Current Status (related work)

Believable proxies of human behavior

  1. What is believable agents?

    Believable agents are designed to provide an illusion of life and present a facade of realism in the way they appear to make decisions and act on their own volition, similar to the characters in Disney movies.

  2. Goal of believable agents?

    • Populate and perceive the open-world environment
    • React with user or other agents
    • Trend: more realistic
  3. (NPCs)Development process

    • Rule-based approach

      • E.g. Finite-state machines and behavior trees
      • Brute force approach of human-authoring the agent’s behavior
      • Dominate approach today
      • May not fully represent the consequence of interactions and cannot perform new procedures that are not hard-coded.
    • Learning-based approaches

      • Letting the agents learn their behavior
      • Only in adversarial games with optimised algorithm.
      • Not yet addressed the challenge in an open world
    • Cognitive architectures

      • They maintained short-term and long-term memories, filled these memories with symbolic structures, and operated in perceive-plan-act cycles, dynamically perceiving the environment and matching it with one of the manually crafted action procedures
      • their space of action was limited to manually crafted procedural knowledge, and they did not offer a mechanism through which the agents could be inspired to seek new behavior.

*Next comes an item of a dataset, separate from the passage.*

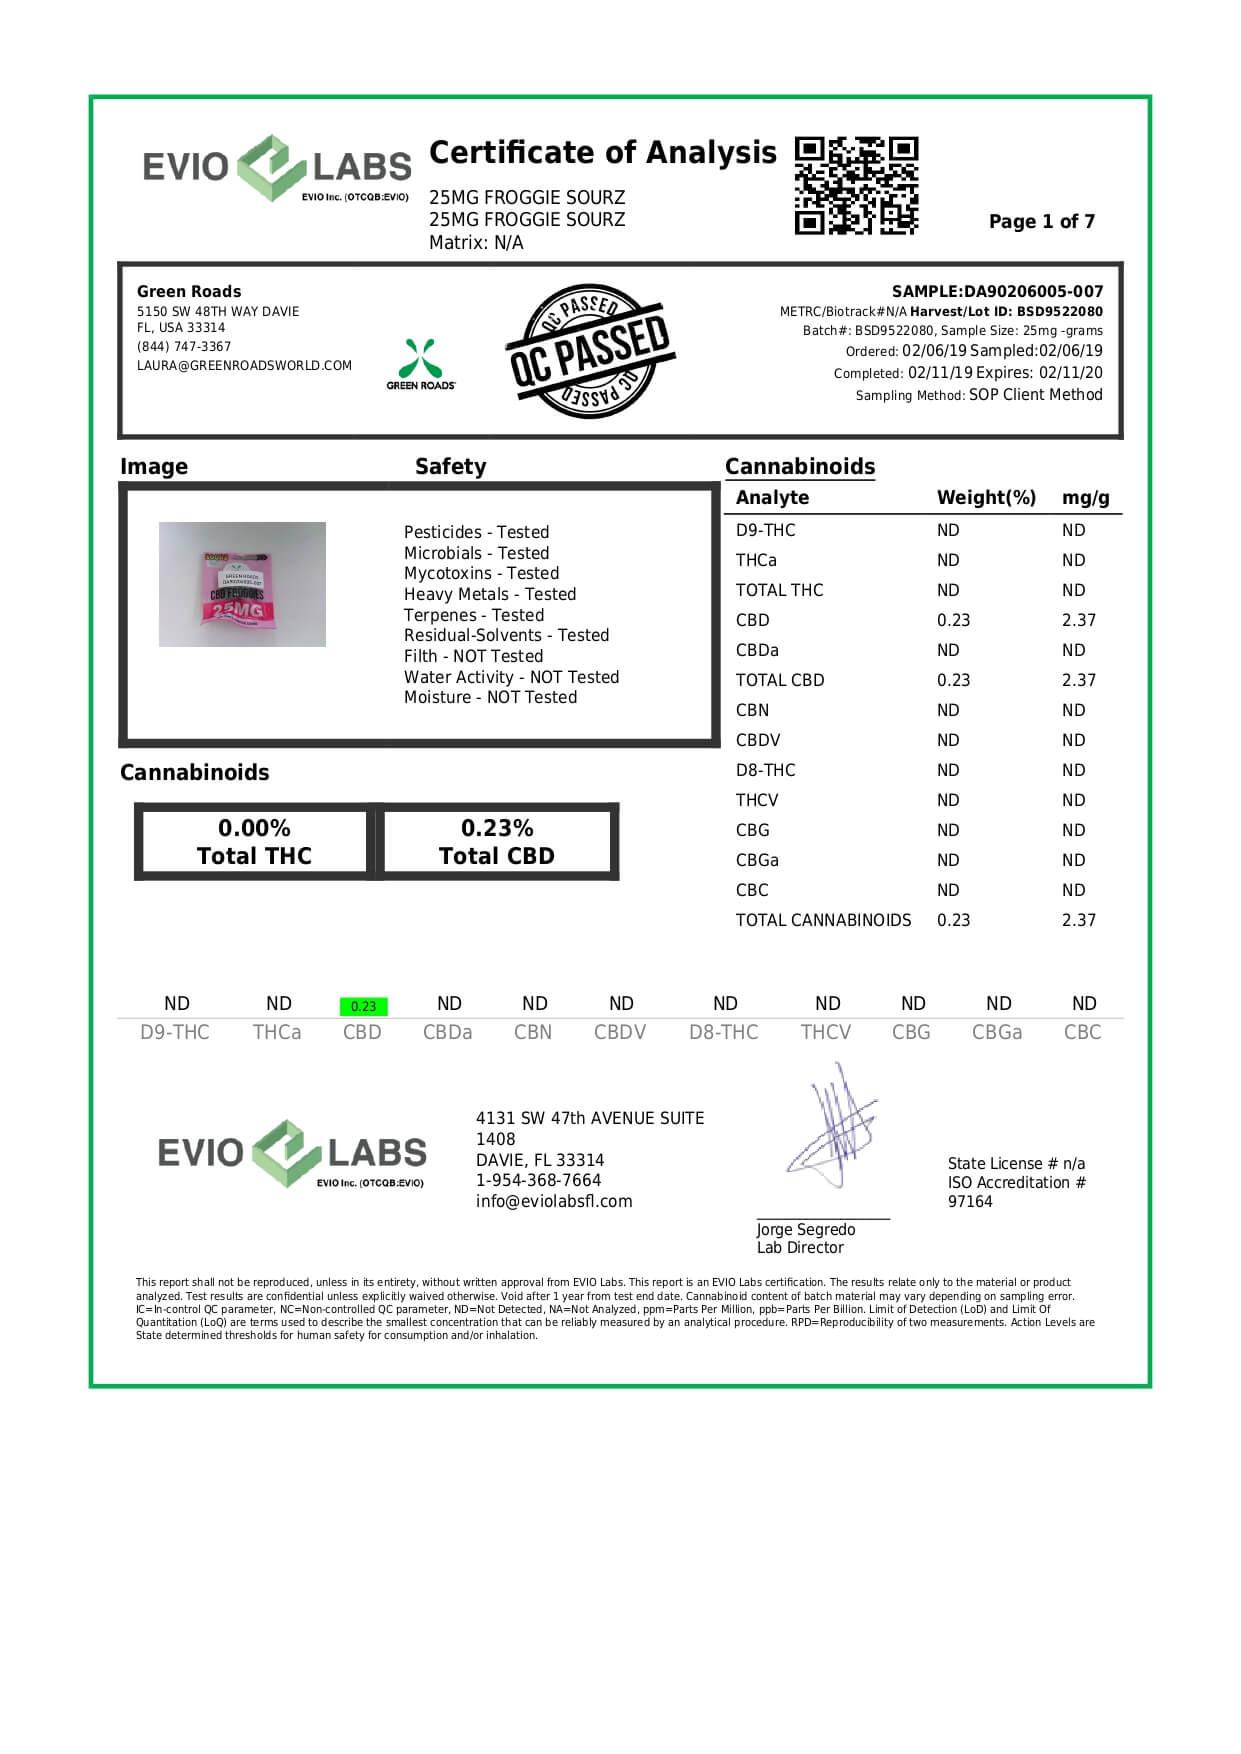 Green Roads CBD Edible Froggies SOURZ OTG Lab Report

Large Language Models and Human behavior

Fundamental basis: If prompted with a narrowly defined context, the models can be used to generate believable behavior.

However, believable agents require conditioning not only on their current environment but also on a vast amount of past experience.

Generative Agent Behavior and Interaction

Agent Avatar and Communication

One paragraph of natural language description to depict each agent’s identity,

  • Occupation
  • Relationship with other agents
John Lin is a pharmacy shopkeeper at the Willow Market and Pharmacy who loves to help people. He is always looking for ways to make the process of getting medication easier for his customers; John Lin is living with his wife, Mei Lin, who is a college professor, and son, Eddy Lin, who is a student studying music theory; John Lin loves his family very much; John Lin has known the old couple next-door, Sam Moore and Jennifer Moore, for a few years; John Lin thinks Sam Moore is a kind and nice man; John Lin knows his neighbor, Yuriko Yamamoto, well; John Lin knows of his neighbors, Tamara Taylor and Carmen Ortiz, but has not met them before; John Lin and Tom Moreno are colleagues at The Willows Market and Pharmacy; John Lin and Tom Moreno are friends and like to discuss local politics together; John Lin knows the Moreno family somewhat well — the husband Tom Moreno and the wife Jane Moreno.

Inter-Agent Communication

  • Method: natural language
  • Representation: emojis translated from text by language model

User Controls

2 ways

  • Communicating with the agent through conversation (即将 user 设定一个游戏内的一个角色, 然后与 agent 进行交流) E.g. The user specifies that they are a news “reporter” and asks the agent about the upcoming election

  • Or by issuing a directive to an agent in the form of an ‘inner voice’. (或者以"心理暗示"的方式) Told the agent: "You are going to run against Sam in the upcoming election"

Environment Interaction

  • Agent movements: directed by the generative agent architecture and the sandbox game engine.
  • Users and agents can influence the state of the objects in this world, much like in sandbox games such as The Sims. E.g. <Isabella’s apartment: kitchen: stove> is burning.

Emergent Social Behaviors

Information Diffusion

As agents notice each other, they may engage in dialogue—as they do so, information can spread from agent to agent.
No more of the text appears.